◆ **WHAT TO WORK ON**: Omit the images, then repeat the listing exactly.

◆ **DATA BELOW**:

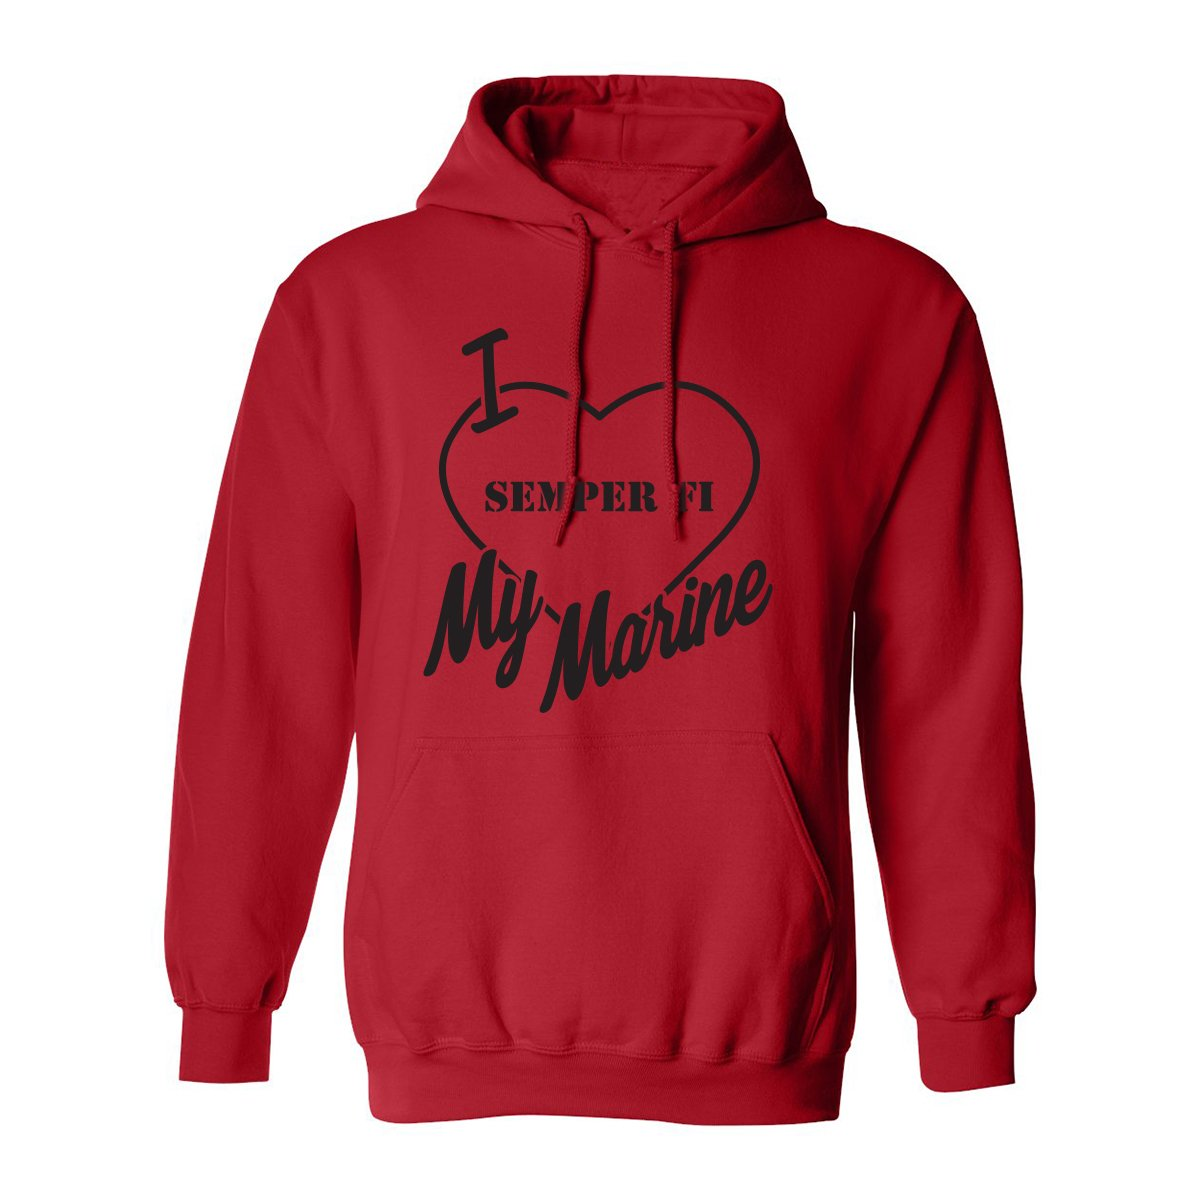 I Love My Marine (Semper fi) Adult Hooded Sweatshirt in Red - XXXX-Large
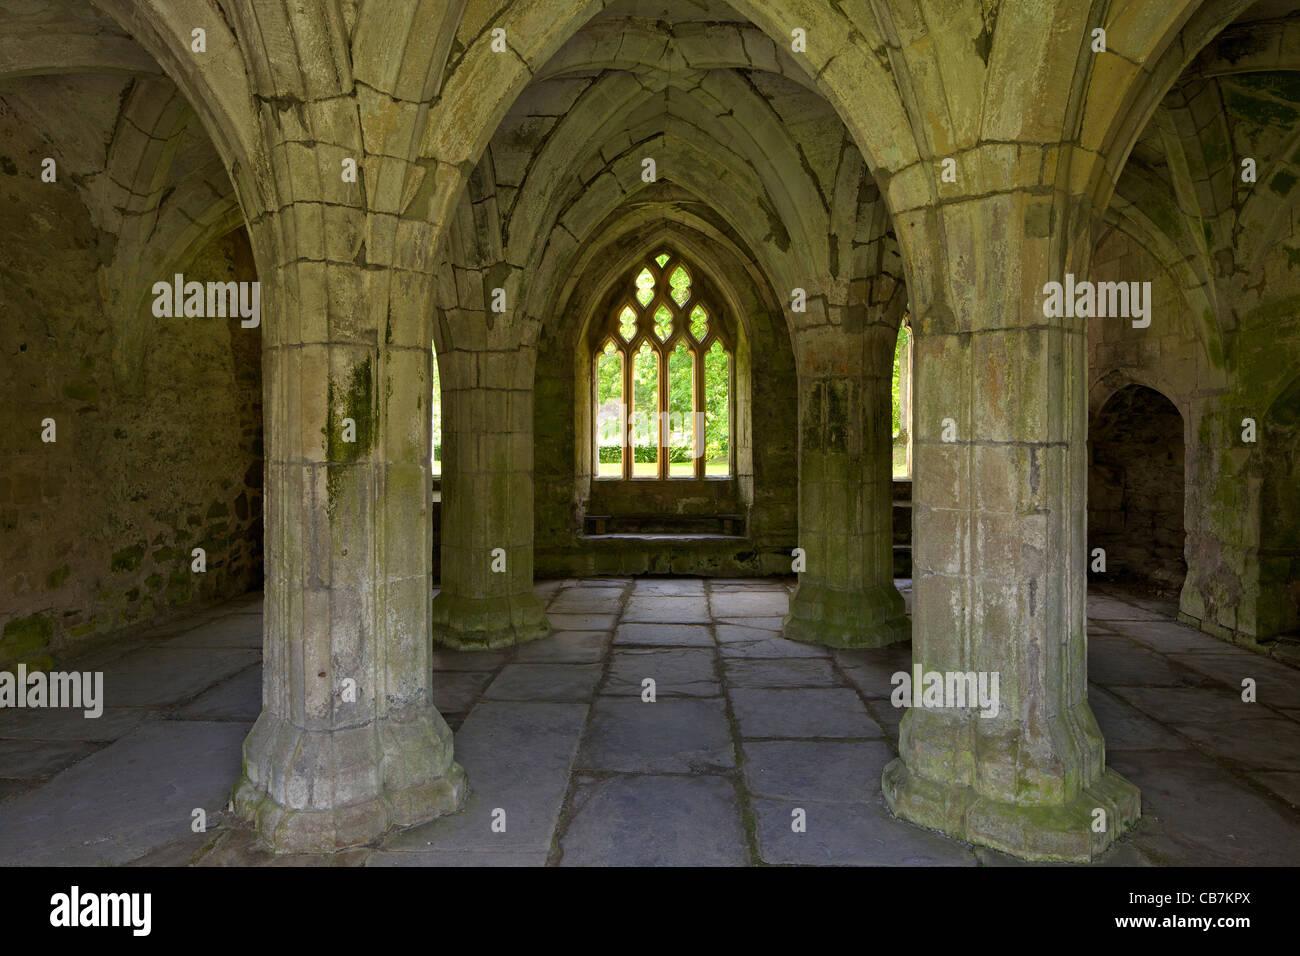 Vaulted Chapter House at Valle Crucis in Llantysilio, near Llangollen, Wales, Cymru, UK, United Kingdom, Stock Photo
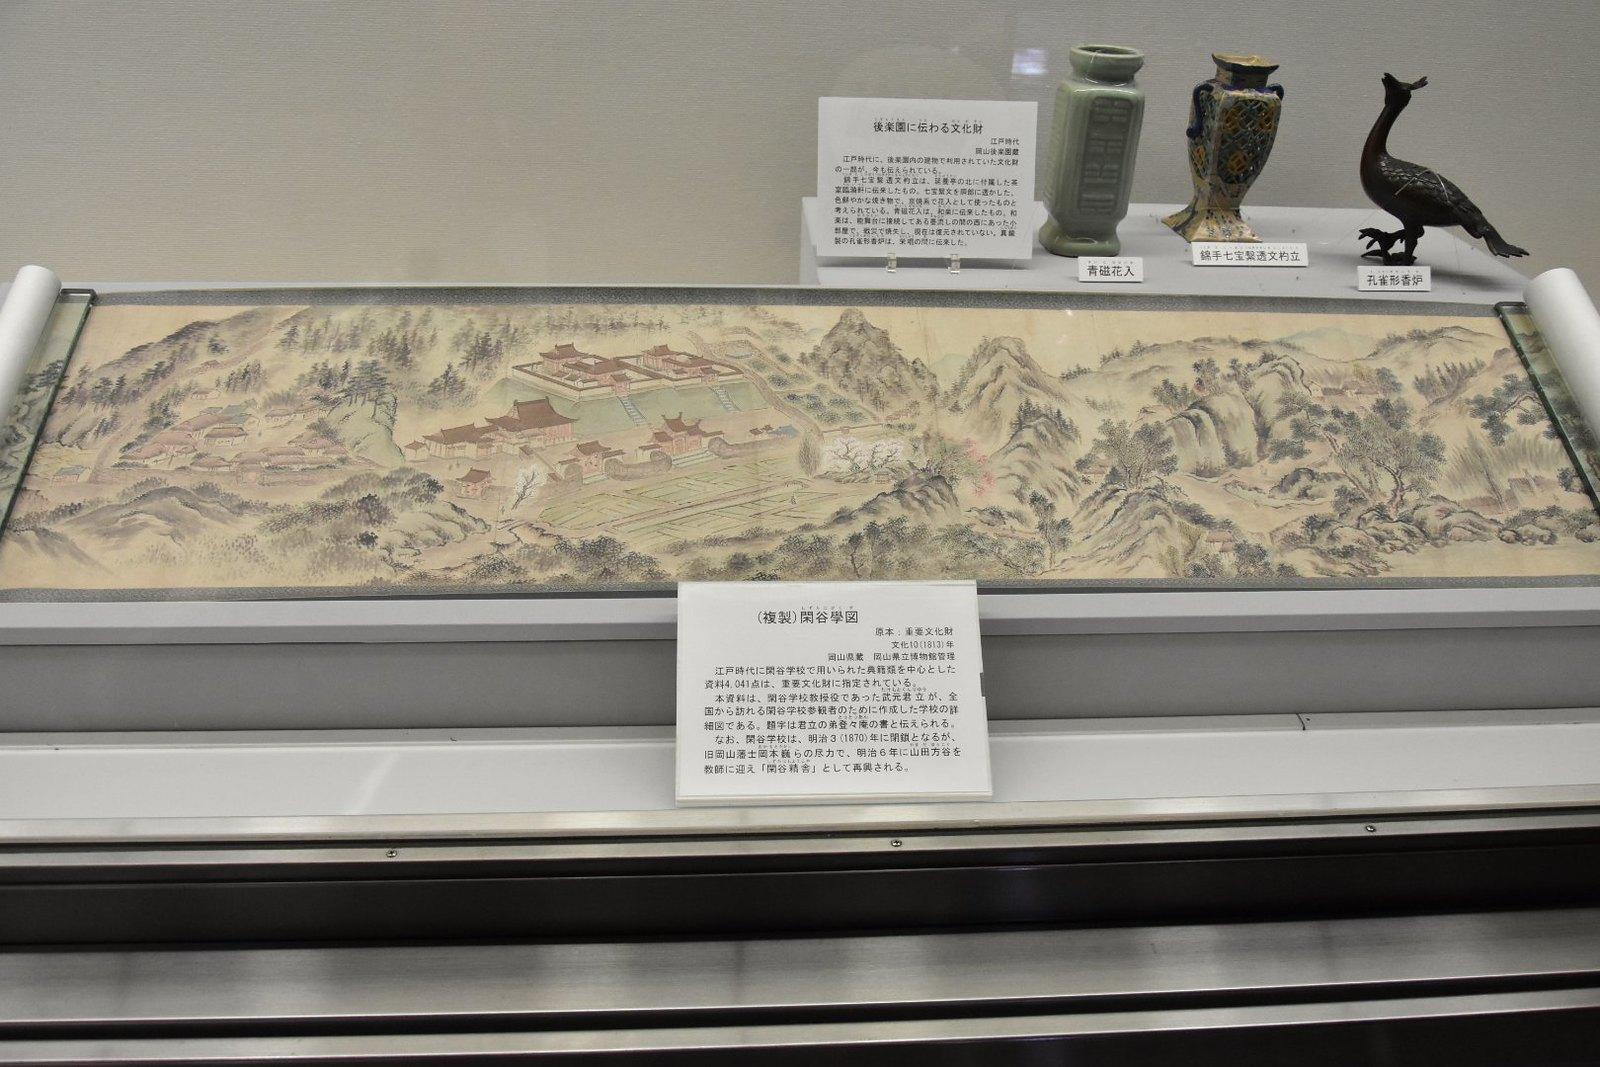 Musée préfectoral d'Okayama
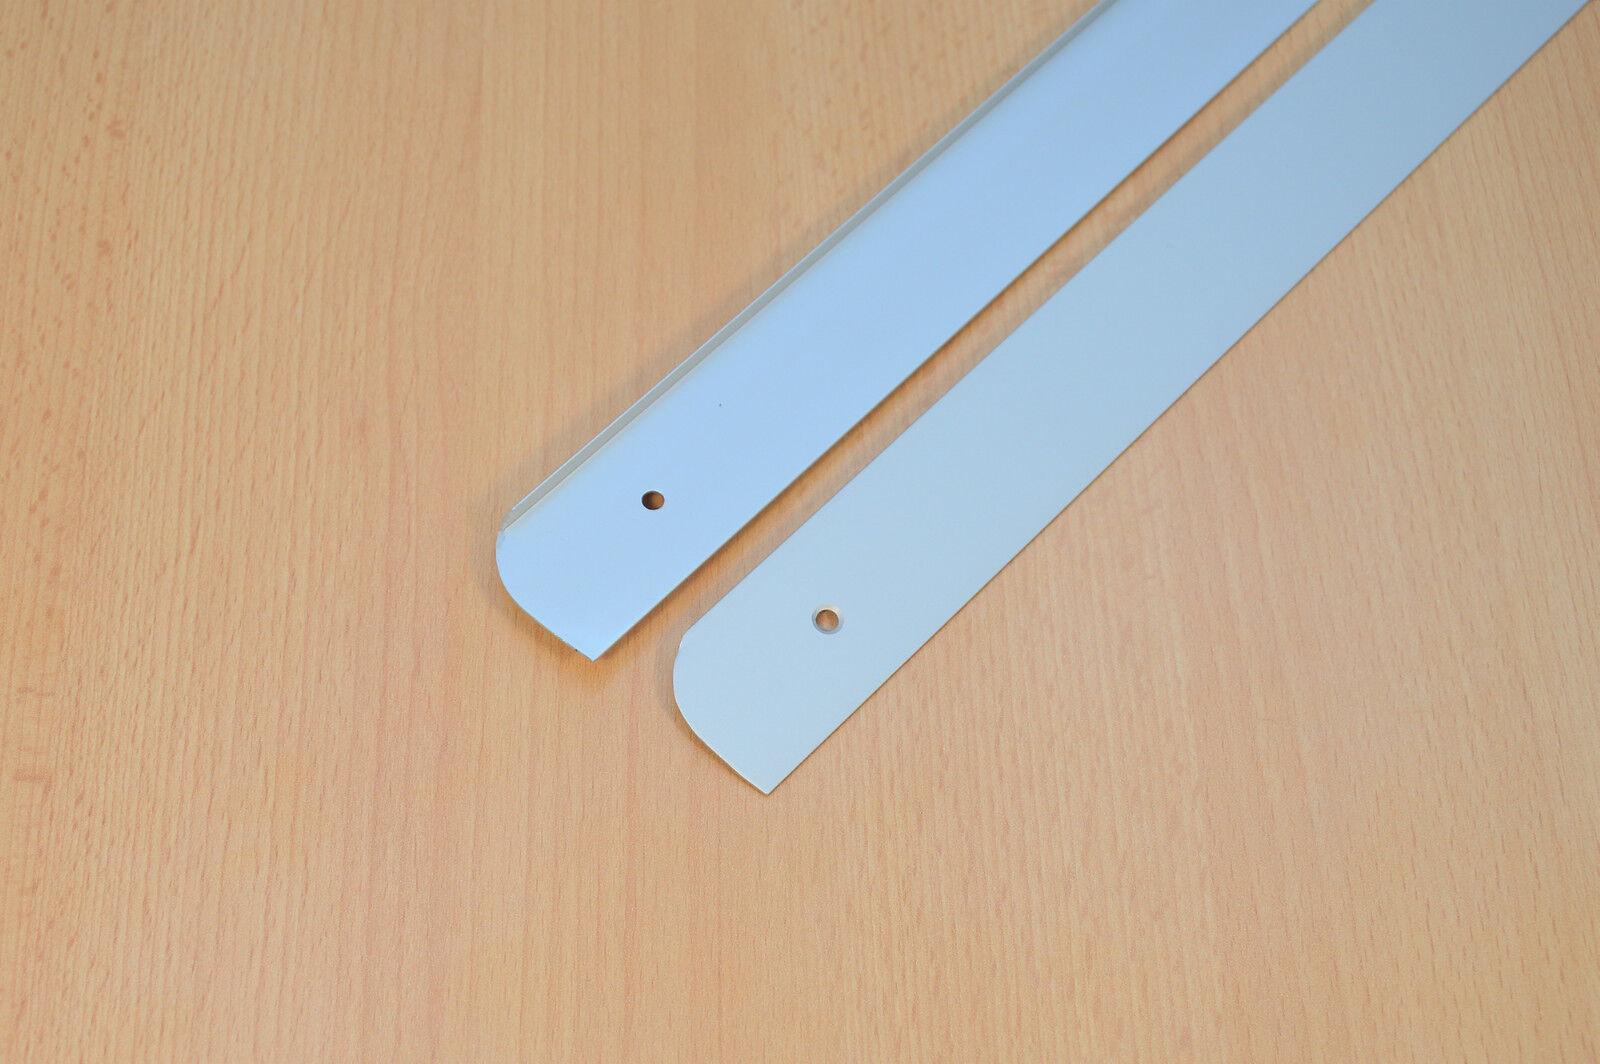 ABSCHLUSSLEISTE Winkelleisten Seiteleiste Arbeitsplatte k/üche endeleiste 38 mm

◆ **SOLUTION FOR THIS TASK**:
 I Love My Marine (Semper fi) Adult Hooded Sweatshirt in Red - XXXX-Large
 Vaulted Chapter House at Valle Crucis in Llantysilio, near Llangollen, Wales, Cymru, UK, United Kingdom, Stock Photo
 Musée préfectoral d'Okayama
 ABSCHLUSSLEISTE Winkelleisten Seiteleiste Arbeitsplatte k/üche endeleiste 38 mm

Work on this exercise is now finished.